Money matches results

The recent criticism that the British prime minister is paying himself too much (at around £160'000 a year) should be tested against the kind of agenda which Tony Blair is currently handling. He has just spent ten days in intensive negotiations to keep alive the prospect of peace in Northern Ireland. Yesterday he faced hostile trade unions and professionals in health and education as he insisted that he would “not flinch” from using the private sector to reform public services. Tomorrow he has meetings with President Bush which will touch on such sensitive issues as the US's missile defence project, for which Britain's co-operation is needed, and the Kyoto Treaty on global warming, on which Britain and Europe find themselves opposed to the President's policy.
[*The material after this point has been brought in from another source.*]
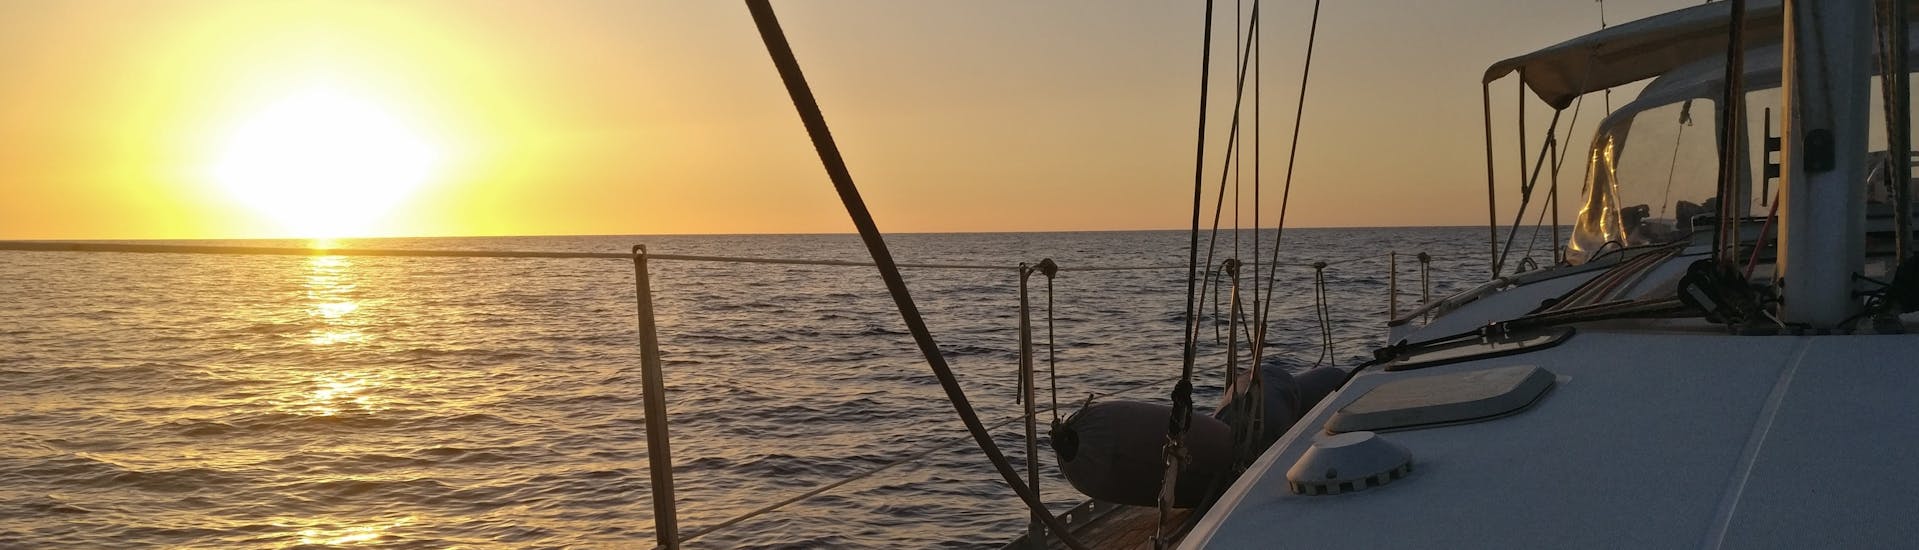 Vistas del mar al atardecer desde un barco de Quarantesimo Parallelo Leuca durante el paseo en velero privado desde Leuca a la costa de Salento.
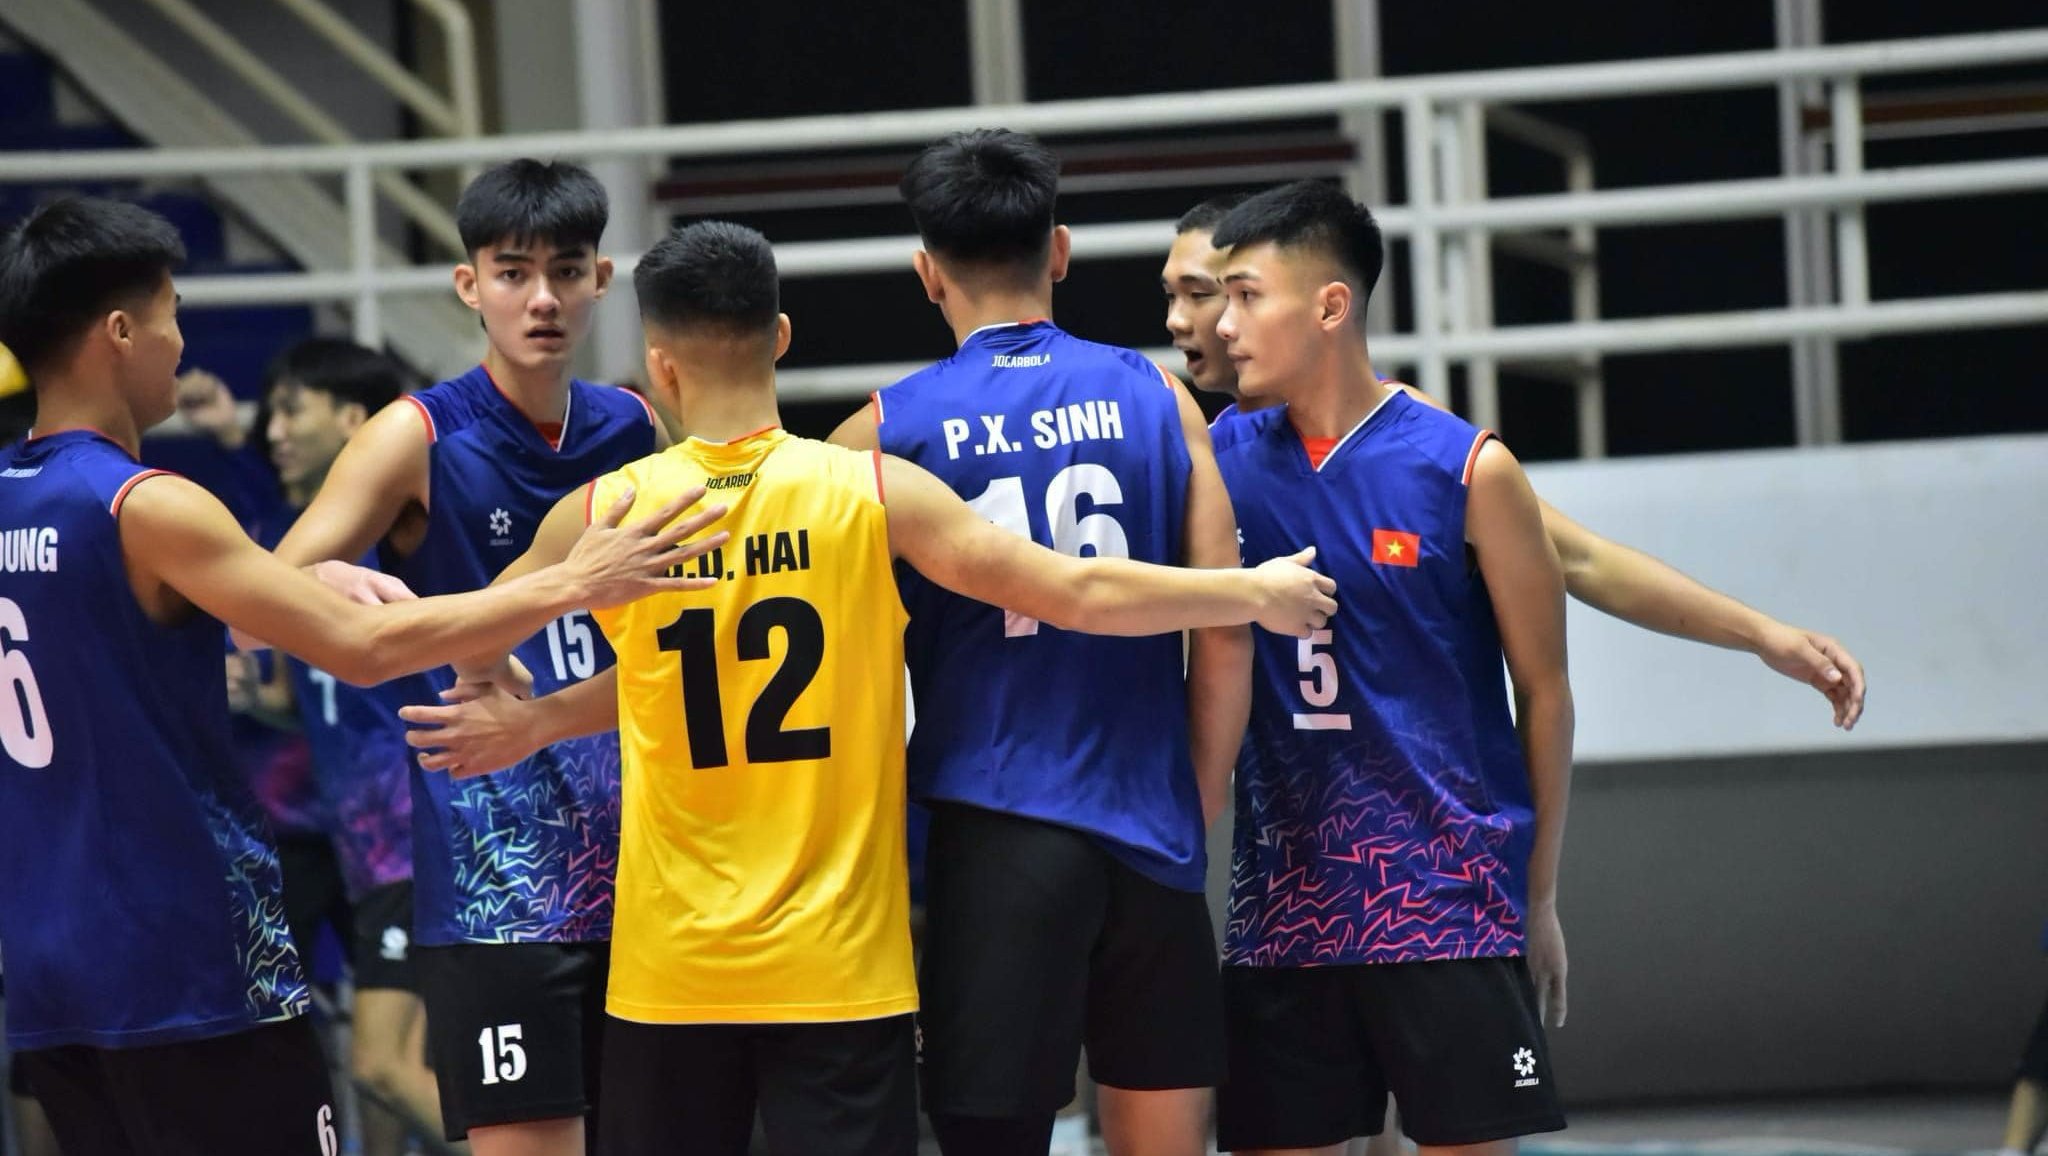 Tuyển bóng chuyền nam U20 Việt Nam thua đáng trách, nhường vé đi tiếp cho người Thái

A short visit to North America and Mexico and the G8 meeting of industrialised nations in Genoa follow almost immediately. The Northern Ireland negotiations have required sustained attention because all sides involved in the deteriorating situation in the province have had to be consulted in depth. Fortunately, the British and Irish governments have marched in step and are now jointly preparing a package of proposals on each of the outstanding issues decommisioning of IRA and other militants' weapons, reform of the police, and demilitarisation, principal among them. Not everyone will agree with everything in the package but if there is a sufficiently broad acceptance of the main proposals it should be possible to keep existing power-sharing institutions functioning. If there is not, either the Northern Ireland Assembly will have to be suspended or new elections held; the deadline is 12 August. The close co-operation established between Dublin and London is of vital importance in this potentially dangerous situation.